# Create YAML file to pull the operators for parameterization 

In [None]:
import geopandas as gpd
import intake
import pandas as pd

catalog = intake.open_catalog("./*.yml")

In [None]:
import yaml

In [None]:
def overwrite_yaml(PORTFOLIO_SITE_YAML, SITE_NAME):
    """
    PORTFOLIO_SITE_YAML: str
                        relative path to where the yaml is for portfolio
                        '../portfolio/analyses.yml' or '../portfolio/sites.yml'
    SITE_NAME: str
                name given to this analysis 
                'parallel_corridors', 'rt', 'dla'
    """
    df = catalog.competitive_route_variability.read()
    
    districts = sorted(list(df[df.caltrans_district.notna()].caltrans_district.unique()))

    # Eric's example
    # https://github.com/cal-itp/data-analyses/blob/main/rt_delay/04_generate_all.ipynb

    with open(PORTFOLIO_SITE_YAML) as analyses:
        analyses_data = yaml.load(analyses, yaml.Loader)
    
    # https://stackoverflow.com/questions/2170900/get-first-list-index-containing-sub-string
    # Find the index for where parallel_corridors analysis is located
    site_index = [idx for idx, s in enumerate(analyses_data["sites"]) if 
              SITE_NAME in s['name']][0]
    
    # list any ITP IDs to be excluded, either because of invalid data or just too few results
    exclude_ids = [0]

    # Loop through each district, grab the valid itp_ids
    # populate each dict key (caption, params, sections) needed to go into analyses.yml
    chapters_list = []
    for district in districts:
        chapter_dict = {}
        subset = df[(df.caltrans_district == district) & 
                    (df.route_group.notna()) & 
                    (~df.calitp_itp_id.isin(exclude_ids))
                   ]
        chapter_dict['caption'] = f'District {district}'
        chapter_dict['params'] = {'district': district}
        chapter_dict['sections'] = [{'itp_id': itp_id} for itp_id in 
                                    subset.calitp_itp_id.unique().tolist()]
        chapters_list += [chapter_dict]

    # Make this into a list item
    parts_list = [{'chapters': chapters_list}]

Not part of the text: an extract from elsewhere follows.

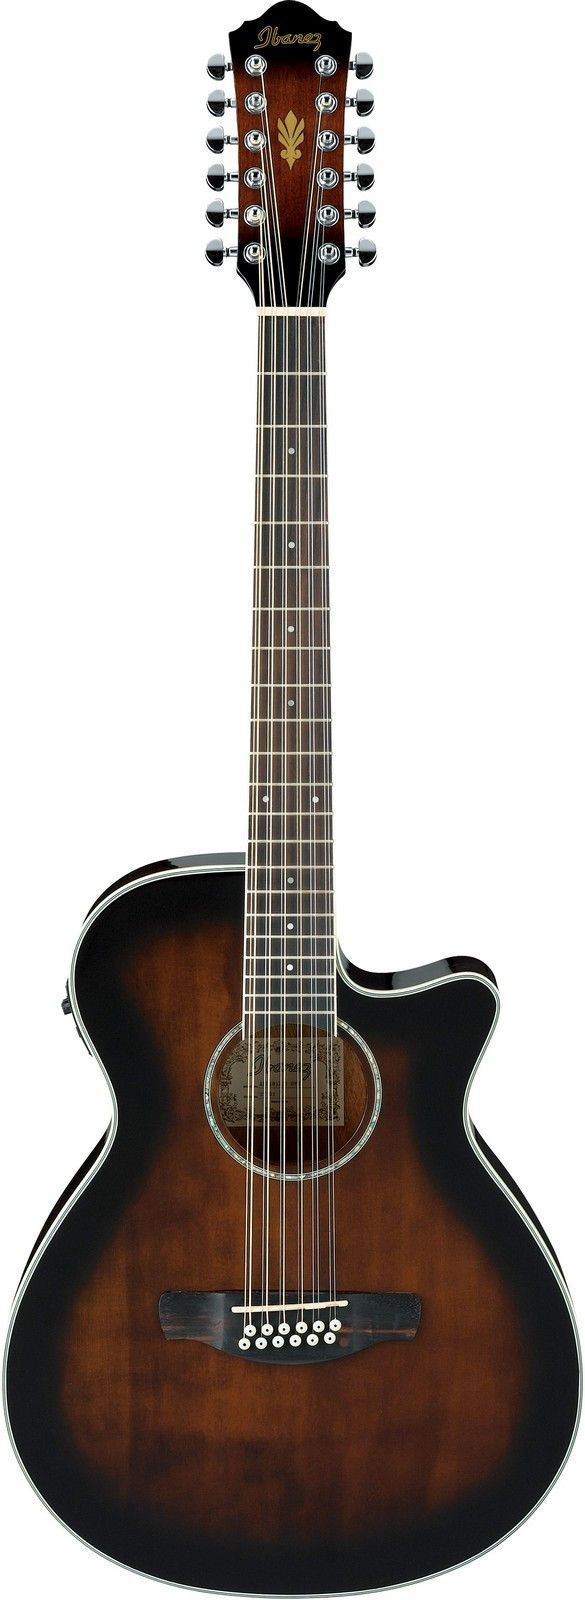 Ibanez AEG1812II 12-String Acoustic-Electric Guitar www.guitaristica.org #electricguitar #guitars #guitaristica

    analyses_data['sites'][site_index]['parts'] = parts_list
    
    output = yaml.dump(analyses_data)

    with open(PORTFOLIO_SITE_YAML, 'w') as analyses:
        analyses.write(output)
    
    print("YAML for site generated")
    
    return chapters_list

In [None]:
PORTFOLIO_SITE_YAML = "../portfolio/analyses.yml"
SITE_NAME = "parallel_corridors"

In [None]:
# Use my YAML to grab RT ones
itp_dict = overwrite_yaml(PORTFOLIO_SITE_YAML, SITE_NAME)

In [None]:
parallel_corridors_itp_ids = []
rt_itp_ids = []

In [None]:
with open(PORTFOLIO_SITE_YAML) as analyses:
    analyses_data = yaml.load(analyses, yaml.Loader)
    
RT_SITE = "rt"
rt_site_index = [idx for idx, s in enumerate(analyses_data["sites"]) if 
                 RT_SITE in s['name']][0]

In [None]:
rt_chapters = analyses_data['sites'][rt_site_index]['parts'][0]["chapters"]

rt_itp_ids = []

for x, chapter in enumerate(rt_chapters):
    section_dict = chapter["sections"]
    for i, list_item in enumerate(section_dict):
        rt_itp_ids.append(list_item['itp_id'])